Question 1. Personal Website on GitHub

Q1a

Q1b

  • Make sure that your GitHub repository, named YOUR_GITHUB_USERNAME.github.io, is set to public. ✅

  • Update your website at https://YOUR_GITHUB_USERNAME.github.io/index.html to:

    • Include links to (1) your LinkedIn page, (2) GitHub page (https://github.com/YOUR_GITHUB_USERNAME), and (3) a PDF file of your Rèsume (https://YOUR_GITHUB_USERNAME.github.io/YOUR_RESUME.pdf) ✅

    • Offer a description of yourself, detailing your education background and professional experience. ✅

    • Display your own profile picture with your face, not the one shown below. ✅

Q1c

  • Change the title of your blog. ✅

    • That is, to replace Insightful Analytics with your own blog name.
  • Remove the blog posts Post With Code, Starwars, and Beer Markets. ✅

  • Revise the Welcome To My Blog post. ✅

  • Post three different blog articles based on data analysis using the following three CSV files: ✅

    1. https://bcdanl.github.io/data/DOHMH_NYC_Restaurant_Inspection.csv
    2. https://bcdanl.github.io/data/spotify_all.csv
    3. https://bcdanl.github.io/data/beer_markets.csv
    • Make sure that each blog post has categories and is associated with a proper image file that is displayed as a thumbnail at the list page of the blog. ✅

    • Make sure that each blog post uses emojis properly. (E.g., 😄 🍺 🎶 🍕) ✅

    • Make sure that each blog post includes its thumbnail image and at least three ggplot figures. ✅

    • You can refer to the previous DANL 200 Homework Assignments and Exams for your blog posts.

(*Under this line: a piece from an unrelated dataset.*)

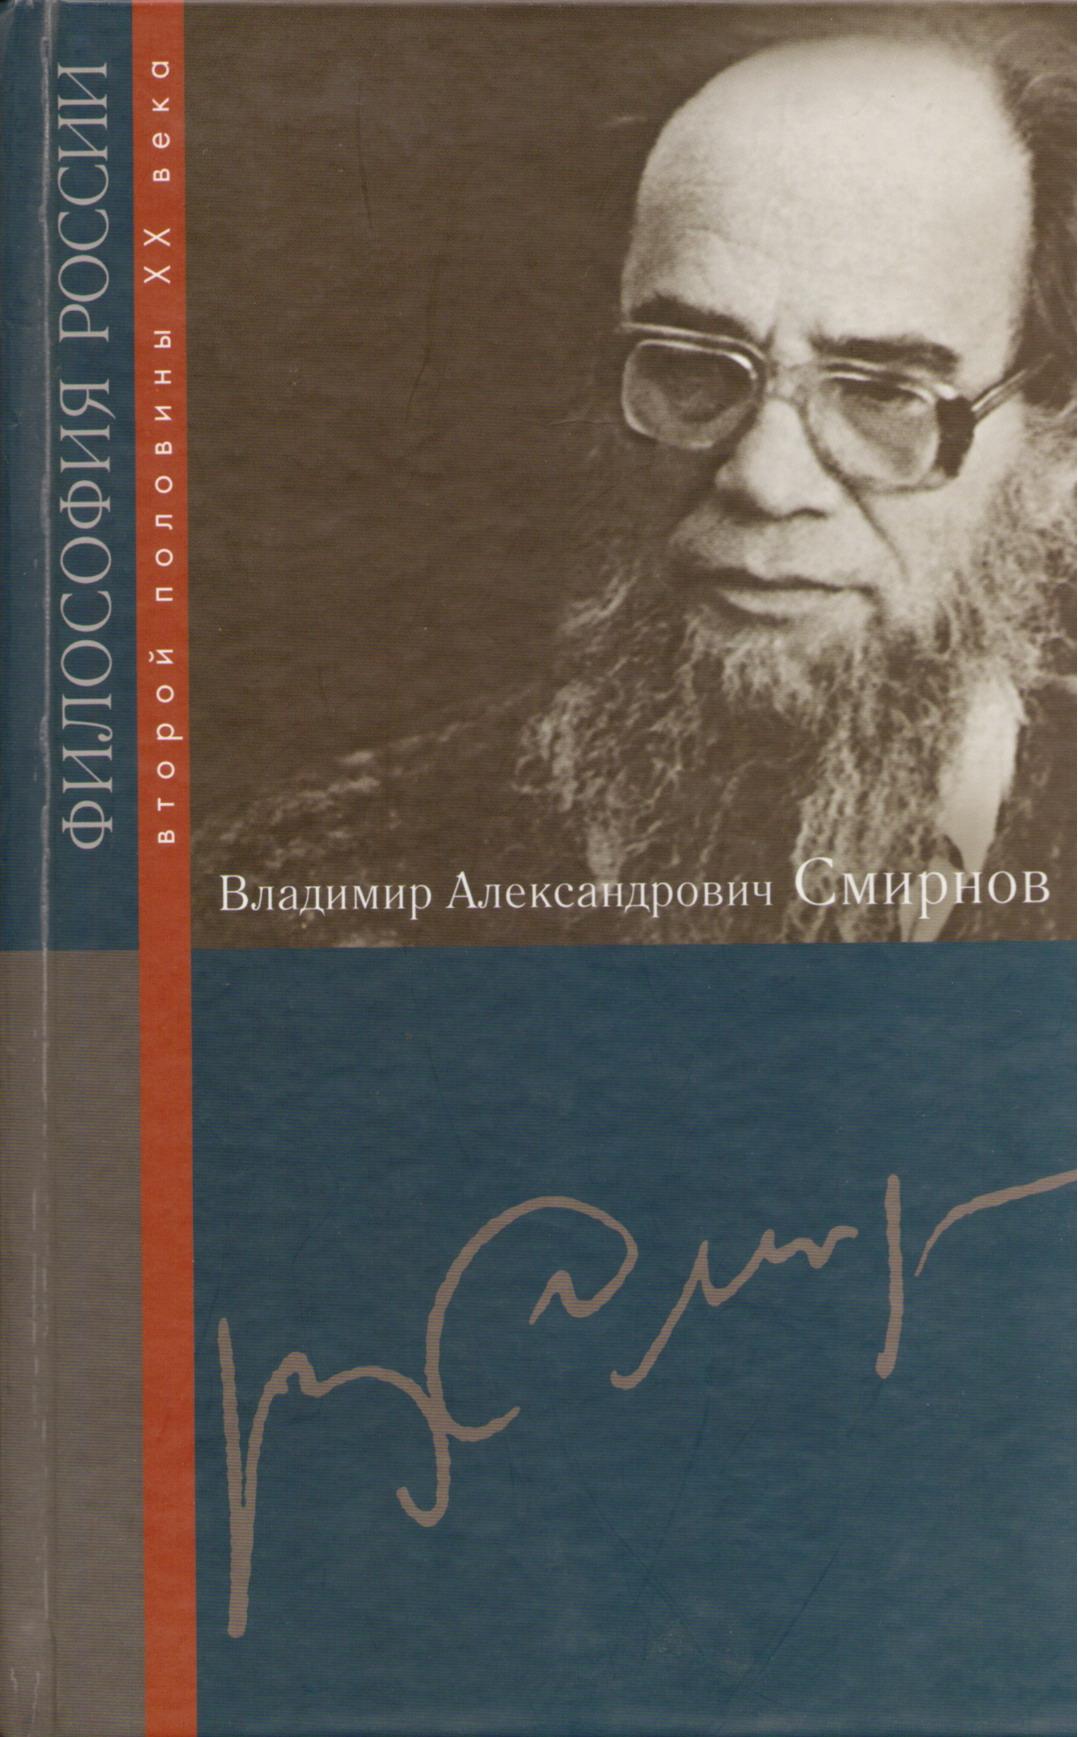 Владимир Александрович Смирнов
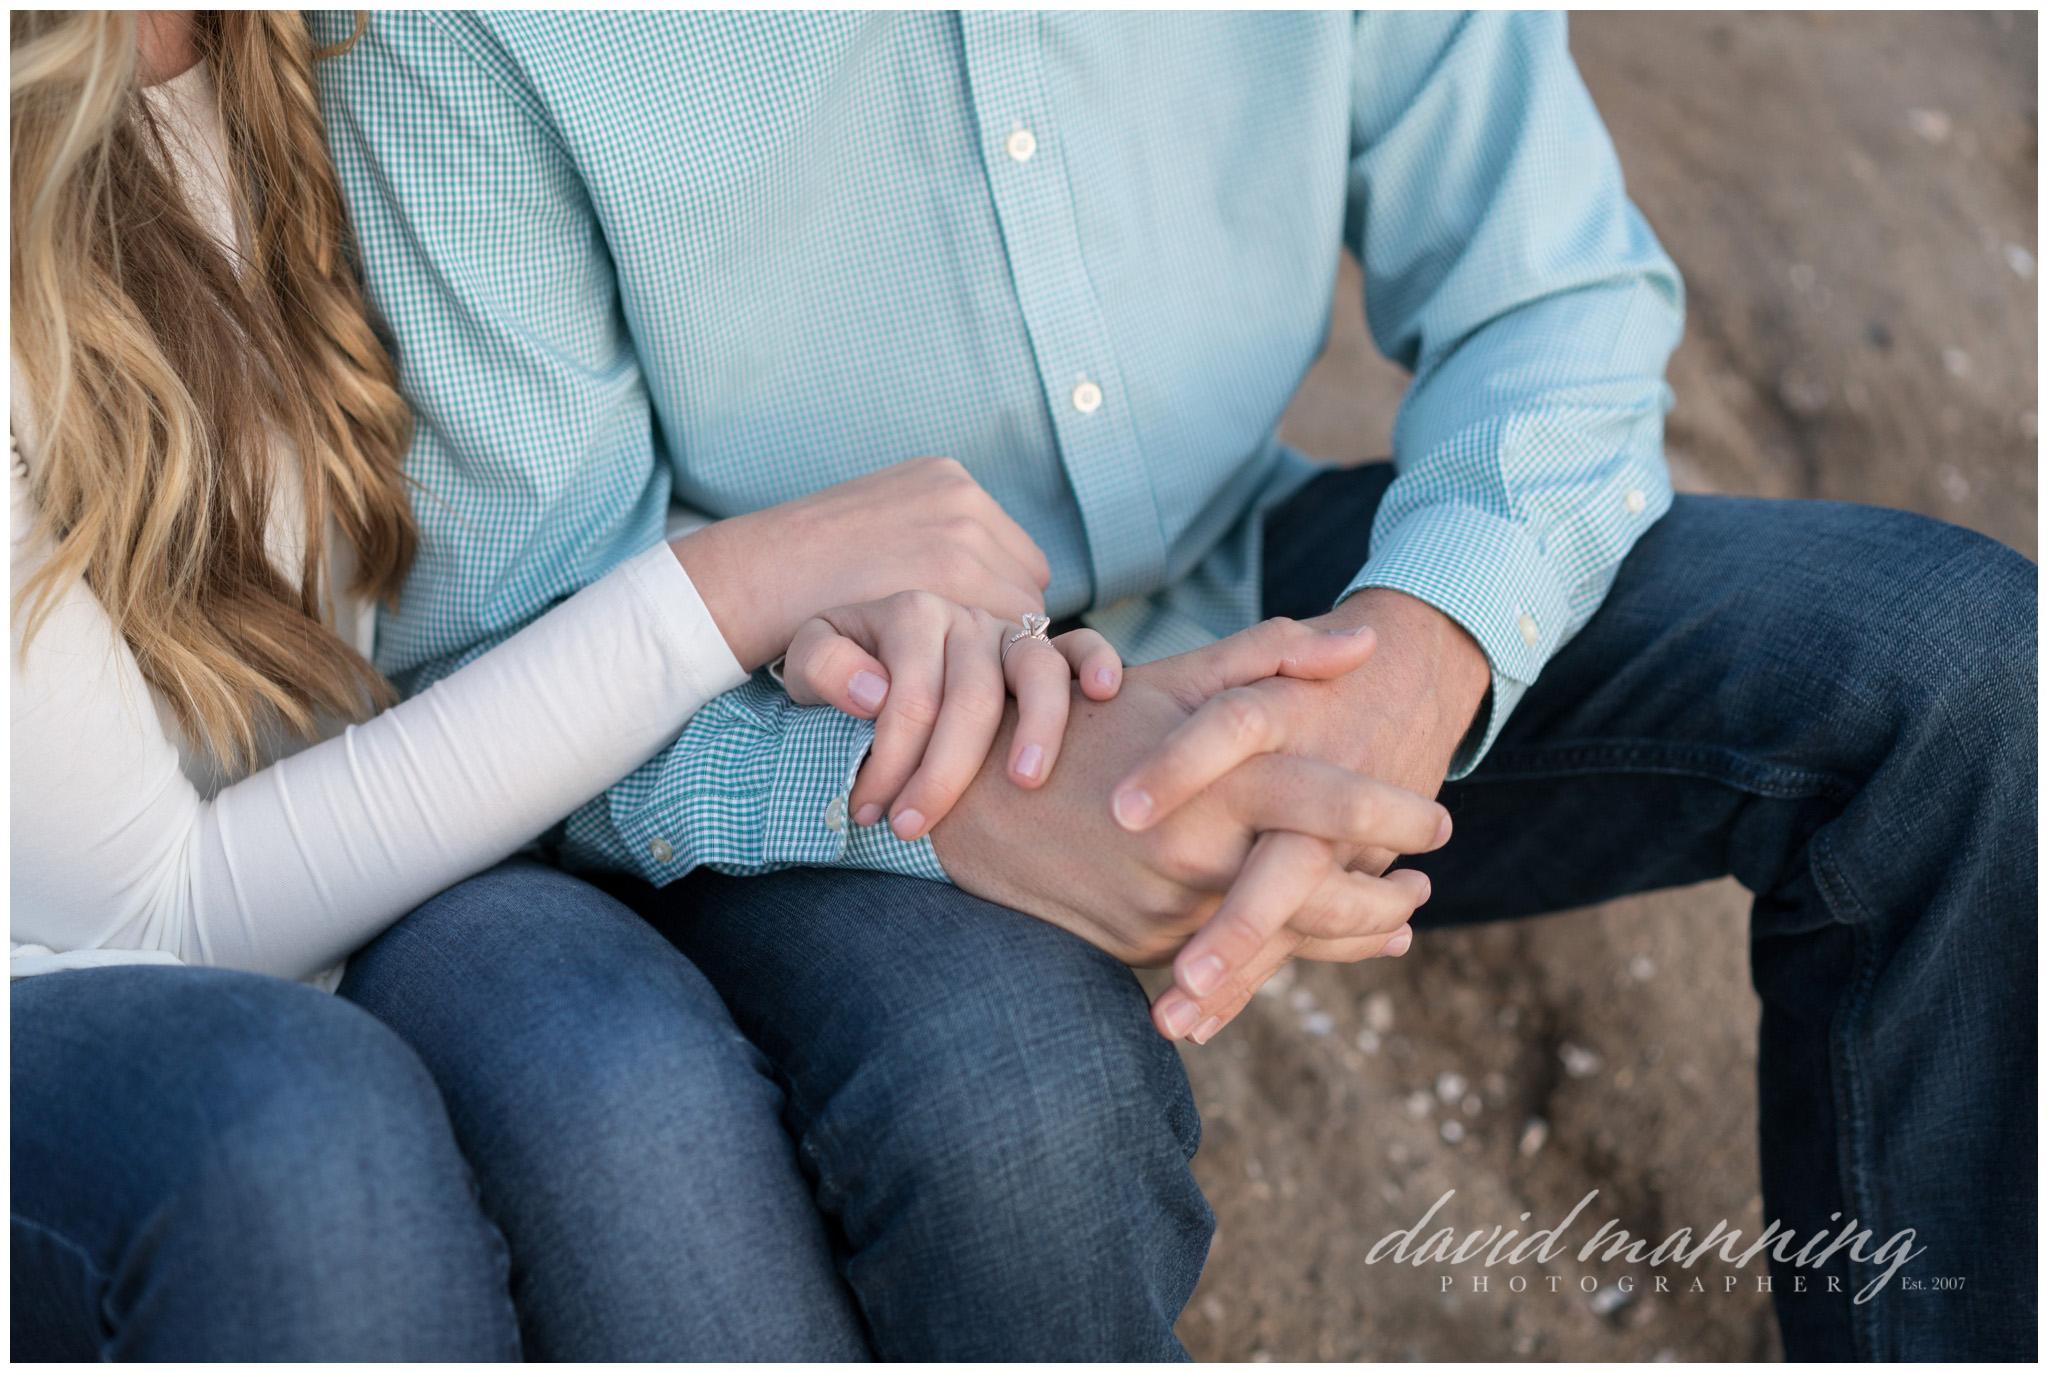 Alyssa-Taylor-Engagement-David-Manning-Photographer-0148.JPG

##Question 2. NFL in 2022 🏈

  • Add a blog post with your answers for Question 2 to your website (https://YOUR_GITHUB_USERNAME.github.io/).
    • Make sure that your blog post for Question 2 includes all the questionnaires and your answers to them.
    • Make sure that your blog post for Question 2 has a section for each sub-question (e.g., Q2a, Q2b) in Question 2, so that the Table of Contents display the section for each questionnaire.
  • The following is the data.frame for Question 2.
NFL2022_stuffs <- read.csv('https://bcdanl.github.io/data/NFL2022_stuffs.csv')
  • NFL2022_stuffs is the data.frame that contains information about NFL games in year 2022, in which the unit of observation is a single play for each drive in a NFL game.

Variable Description 🏈

  • play_id: Numeric play identifier that when used with game_id and drive provides the unique identifier for a single play
  • game_id: Ten digit identifier for NFL game.
  • drive: Numeric drive number in the game.
  • week: Season week.
  • posteam: String abbreviation for the team with possession.
  • qtr: Quarter of the game (5 is overtime).
  • half_seconds_remaining: Numeric seconds remaining in the half.
  • down: The down for the given play.
    • Basically you get four attempts (aka downs) to move the ball 10 yards (by either running with it or passing it).
    • If you make 10 yards then you get another set of four downs.
  • pass: Binary indicator if the play was a pass play.
  • wp: Estimated winning probability for the posteam given the current situation at the start of the given play.

Q2a 🏈

library(tidyverse)
Warning: package 'dplyr' was built under R version 4.2.3
── Attaching core tidyverse packages ──────────────────────── tidyverse 2.0.0 ──
✔ dplyr     1.1.4     ✔ readr     2.1.4
✔ forcats   1.0.0     ✔ stringr   1.5.0
✔ ggplot2   3.4.4     ✔ tibble    3.2.1
✔ lubridate 1.9.4     ✔ tidyr     1.3.0
✔ purrr     1.0.2     
── Conflicts ────────────────────────────────────────── tidyverse_conflicts() ──
✖ dplyr::filter() masks stats::filter()
✖ dplyr::lag()    masks stats::lag()
ℹ Use the conflicted package (<http://conflicted.r-lib.org/>) to force all conflicts to become errors
library(skimr)

In data.frame, NFL2022_stuffs, remove observations for which values of posteam is missing.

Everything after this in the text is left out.